Apigenin, within the flavone subgroup, has beneficial effects on the vasculature which may reduce the risk of neurovascular disease. When given to rats, apigenin has behaved as a potent vasorelaxant [102]. Moreover, apigenin was shown to play a role in vascular inflammation [103] but also in platelet aggregation and secretion [104]. When used as a treatment against hypoxia in cellular models, apigenin exerted protection through the reduction of ROS and apoptosis [105] and induced angiogenesis by increasing the tube formation through a caveolin-1 dependent pathway [106]. Intraperitoneal treatment with apigenin attenuated brain damage after tMCAO in rats [105,107] and has been reported to preserve the proper functioning of the BBB by increasing caveolin-1 and to promote angiogenesis by rising VEGFS levels [107]. In a different study, intraperitoneal treatment with apigenin for 28 days following brain ischemia was shown to preserve nerve cells in rat brain hippocampus through multiple mechanisms involving histone deacetylases [108]. As happens with other flavonoids, apigenin is practically insoluble in highly polar solvents such as water and oral bioavailability is poor, as ingested apigenin is either excreted unabsorbed or rapidly metabolized after absorption [109].

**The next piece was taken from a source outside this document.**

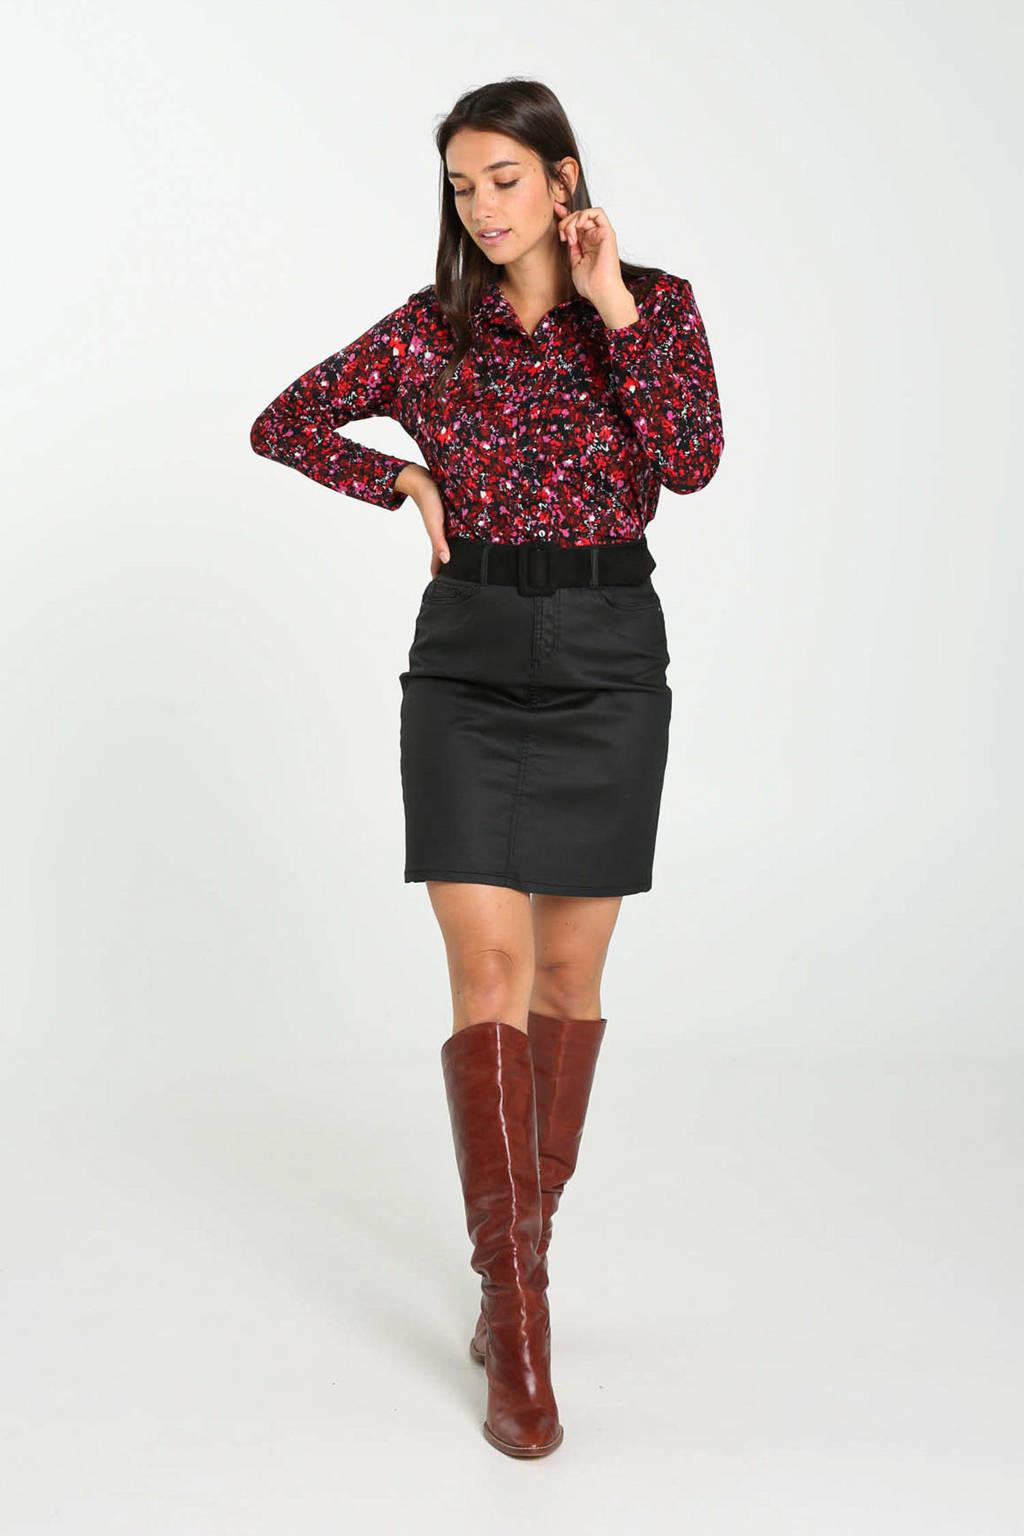 Cassis gebloemde blouse rood/zwart/roze, Rood/zwart/roze

Myricetin is mainly present in the glycoside form (O-glycosides) in food and beverages, such as tea and wine [110]. Among different biological actions, protective potential of myricetin against brain ischemia has been recently reviewed [111]. Using OGD in SH-SY5Y cells, Taheri et al. showed a beneficial effect of myricetin treatment on mitochondrial dysfunction and oxidative stress, two critical mechanisms of ischemic neuronal death [112]. In addition, myricetin was shown to reduce BV2 microglia proinflammatory phenotype [113] and decreased the enhancement of endothelial permeability and inflammation in human brain micro-vessel endothelial cell after OGD by regulating Akt and Nrf2 pathways [114], which could potentially protect the BBB breakdown after stroke. In experimental models of stroke in rats, oral administration of myricetin significantly reduced brain infarct volume and neurological symptomatology. It reduced apoptosis, inflammation and oxidative stress, and these protective effects were also related to Nrf2 and Akt pathways [115].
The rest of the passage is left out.